**TASK DESCRIPTION**
What the answer must hold is the line containing "New Carbon Fiber" and all lines after it through the end of the listing, copied exactly, with pictures left out.

**RECORDED INFORMATION**
>>>>>
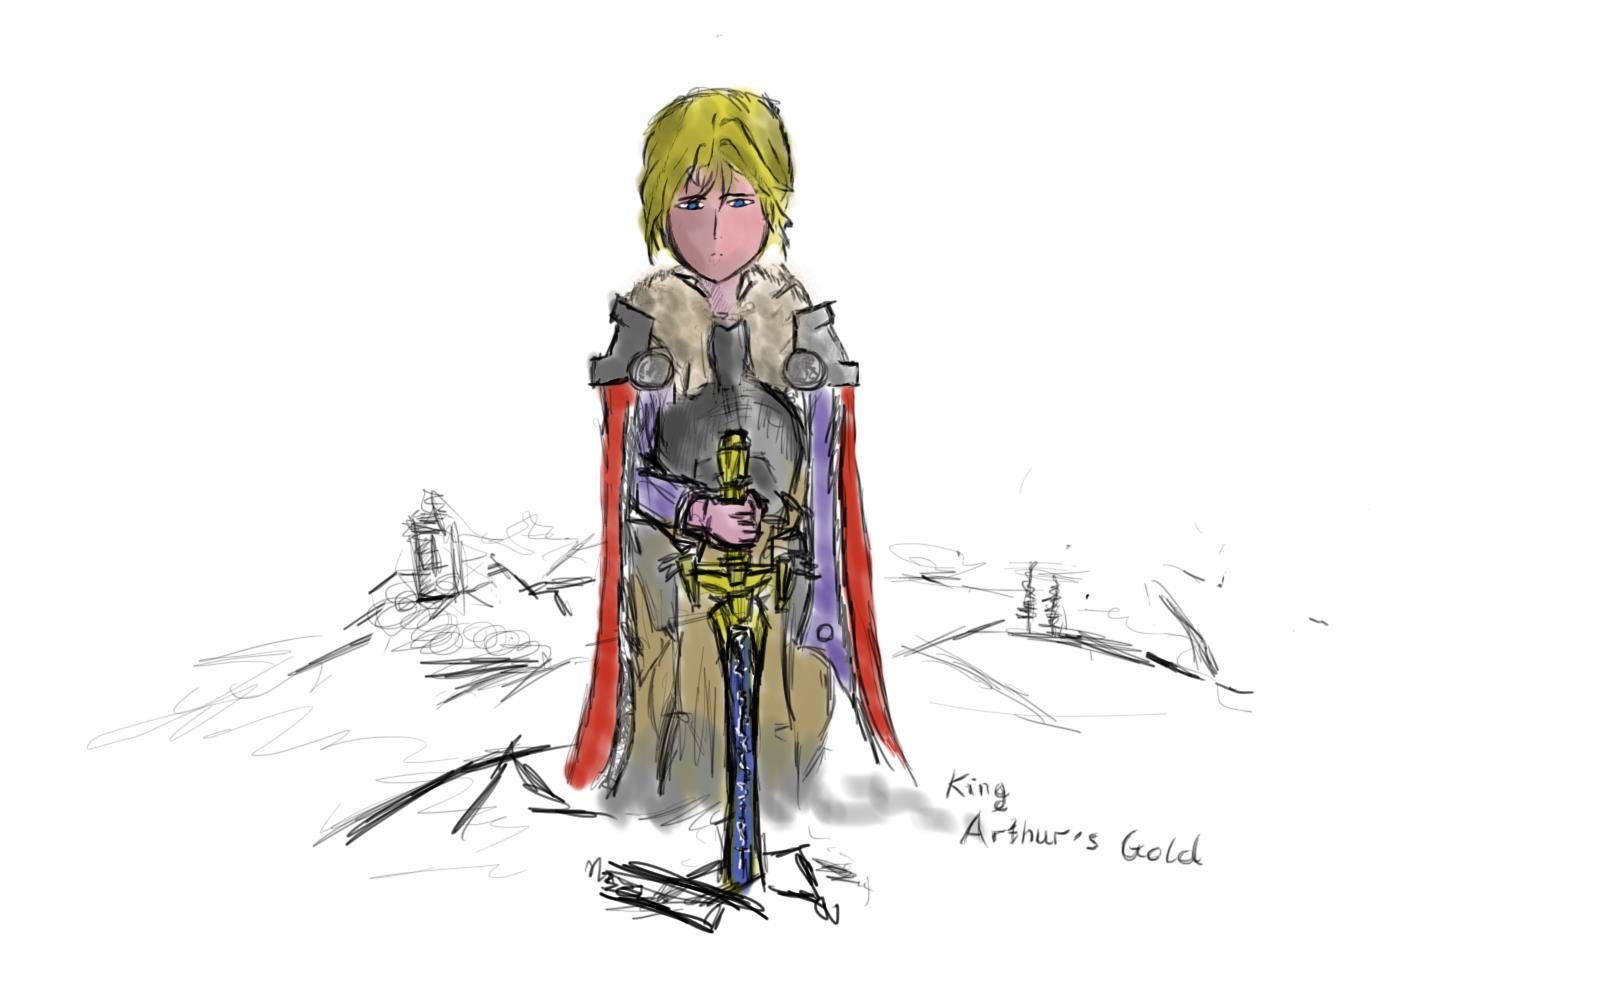 King Arthur's Drawn.jpg
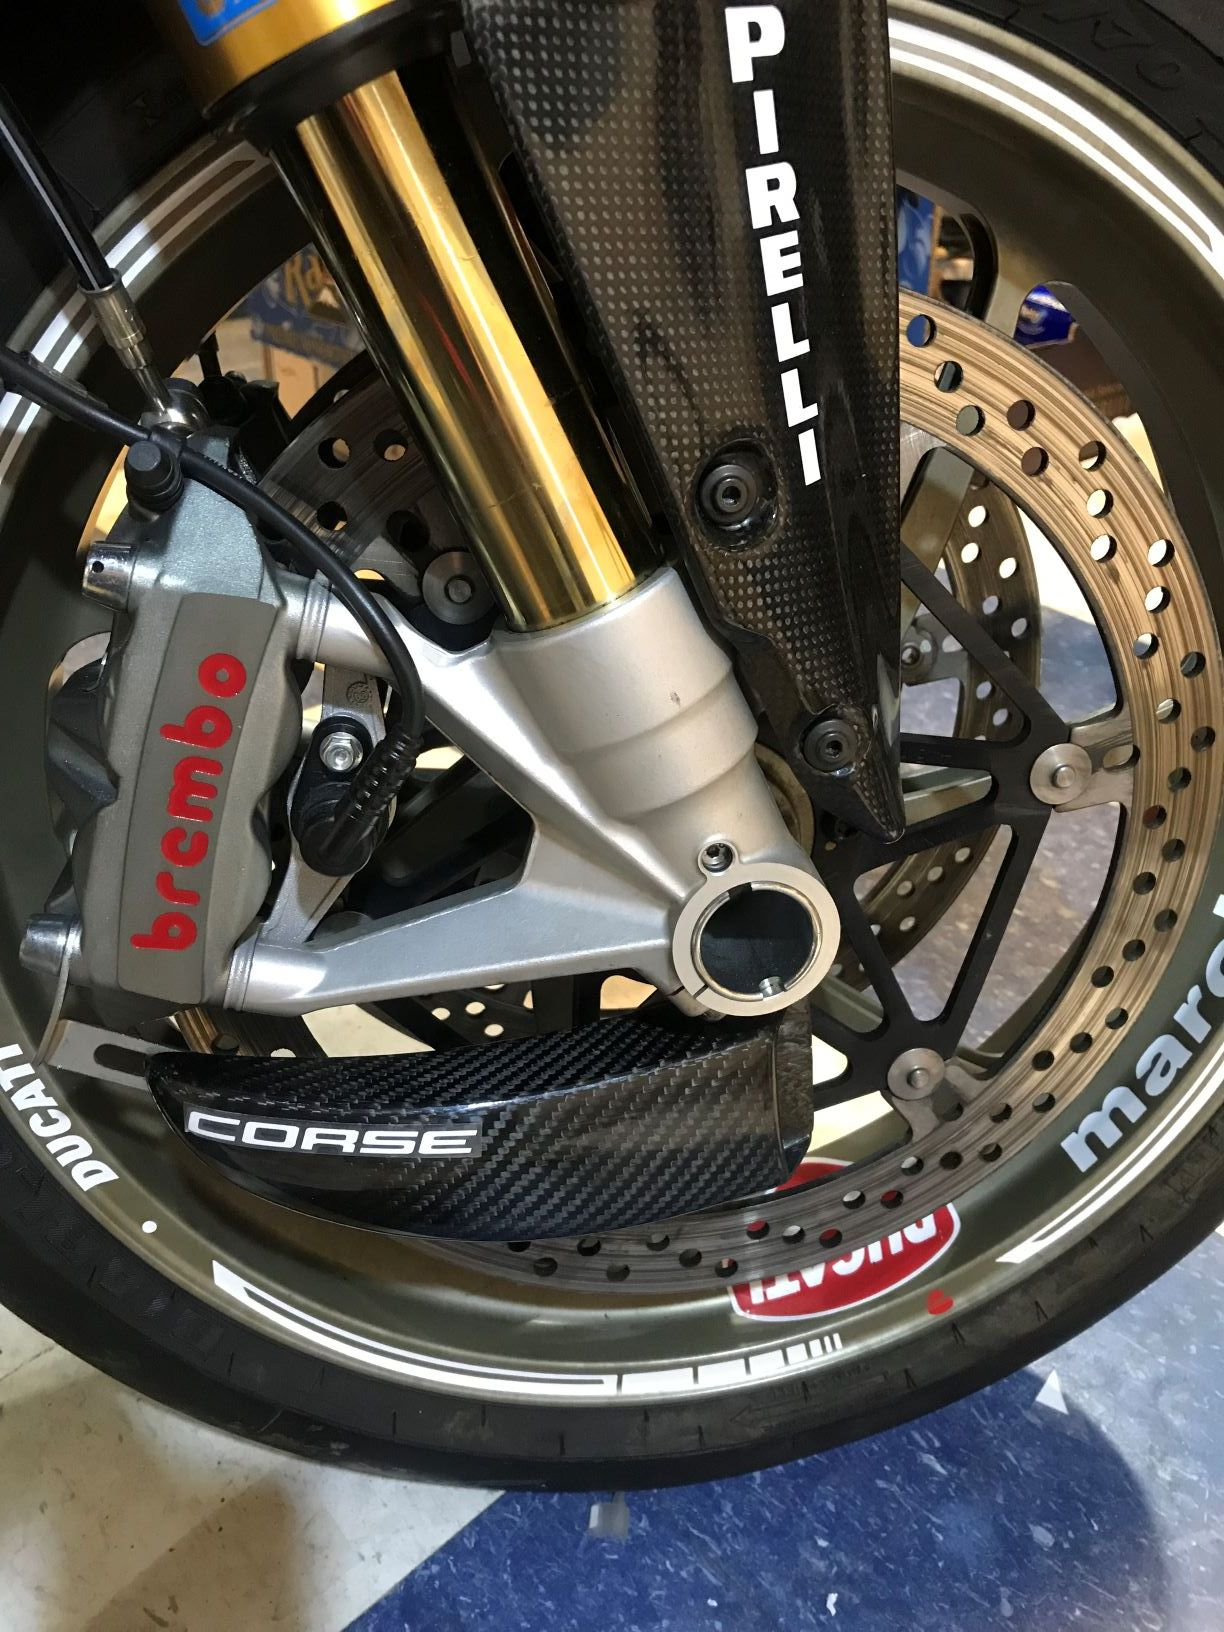 New Carbon Fiber Brake Cooling Ducts On Ducati 1198s In 2020 Ducati Ducati 1198s Ducati 1198
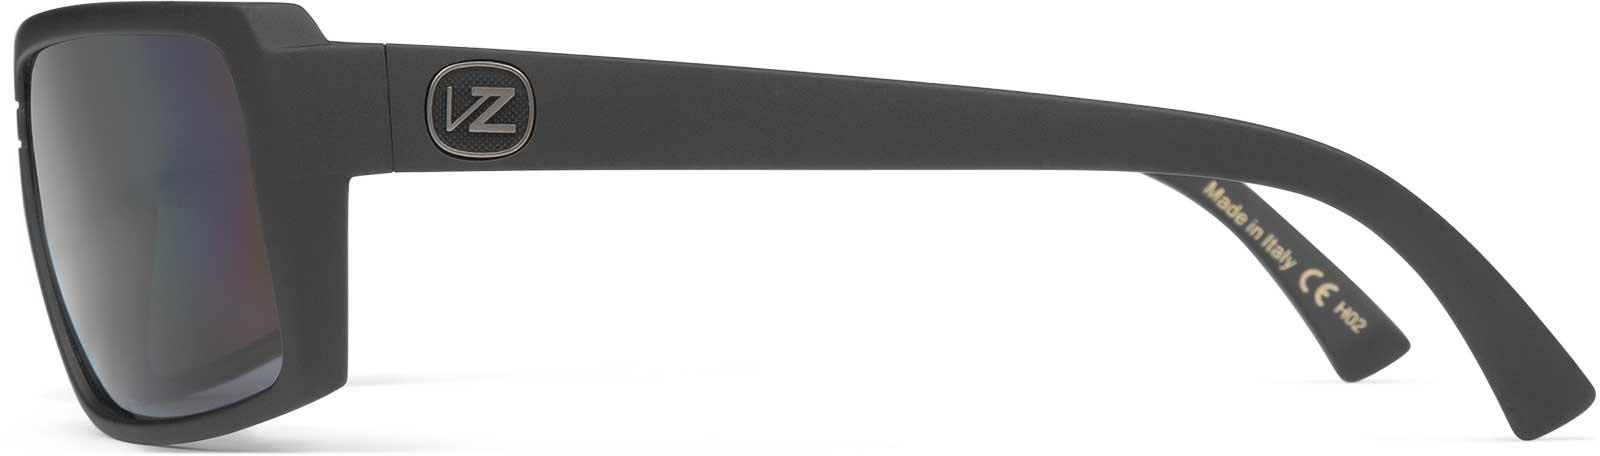 b0c23750dd Von Zipper Snark Wildlife Polarized Plus Sunglasses Mens
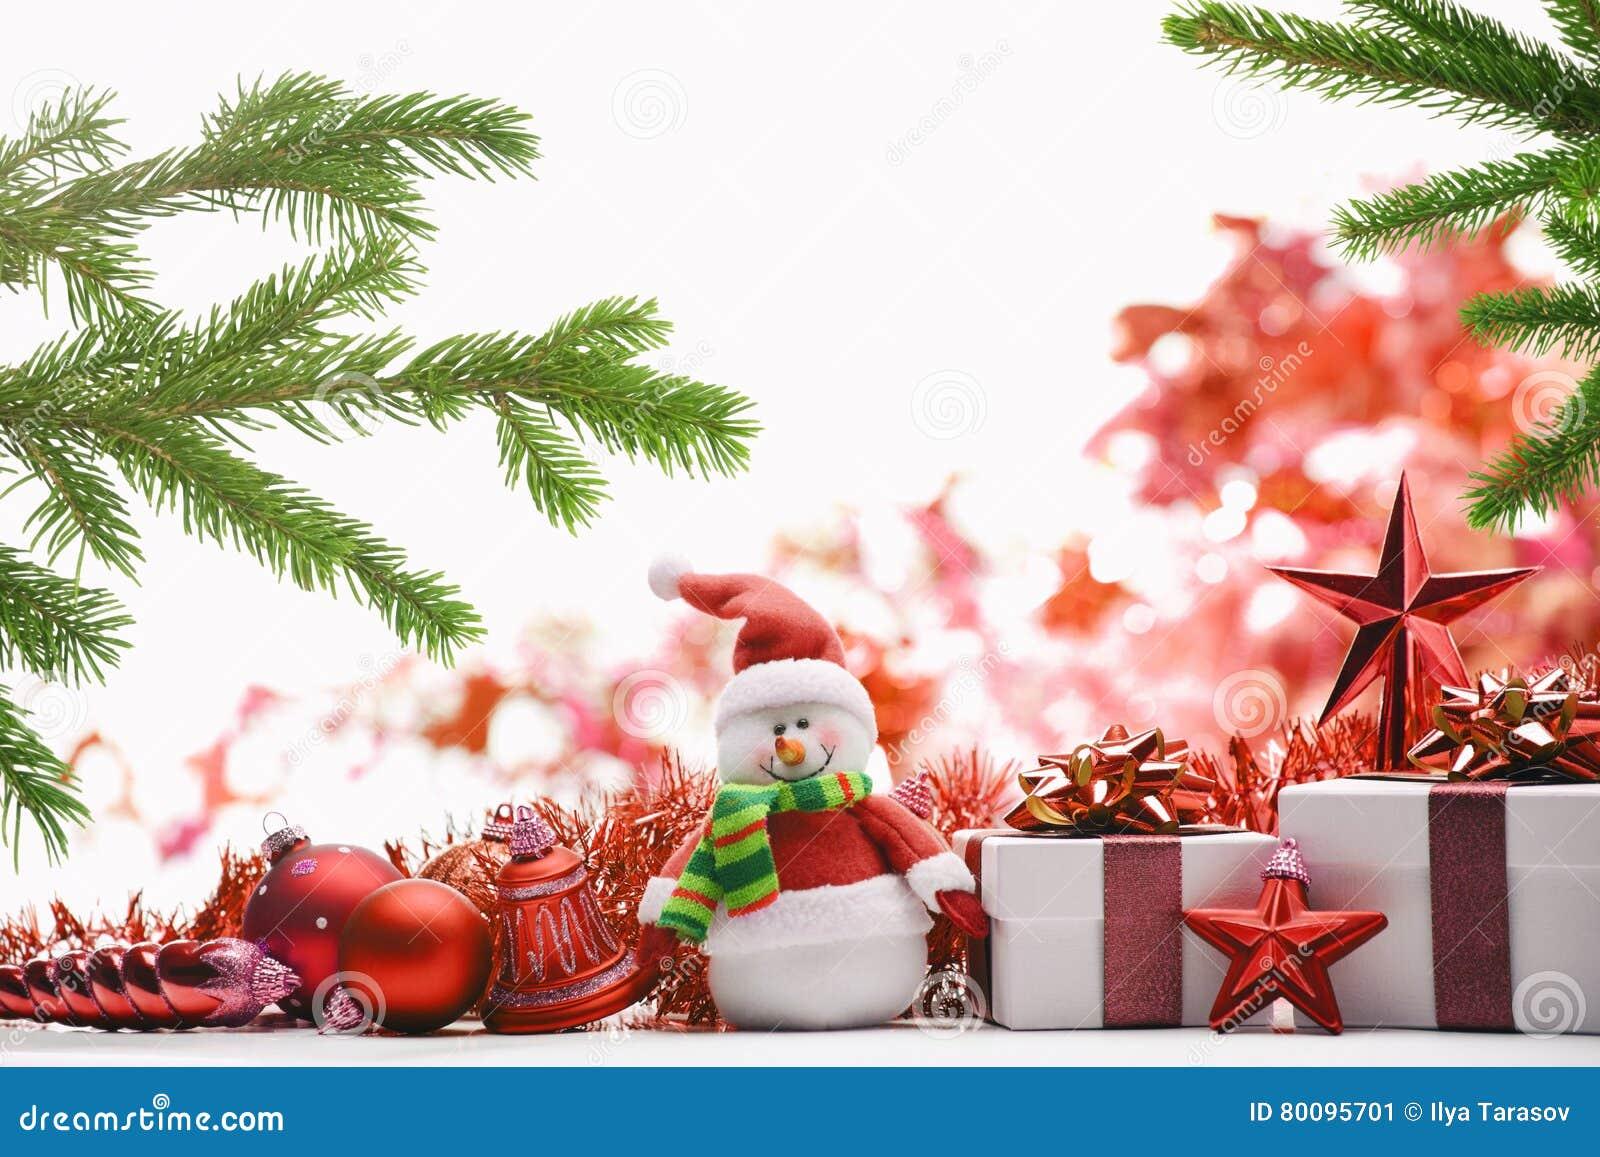 Russian christmas gift box
<<<<<
**RESPONSE**
 New Carbon Fiber Brake Cooling Ducts On Ducati 1198s In 2020 Ducati Ducati 1198s Ducati 1198
 b0c23750dd Von Zipper Snark Wildlife Polarized Plus Sunglasses Mens
 Russian christmas gift box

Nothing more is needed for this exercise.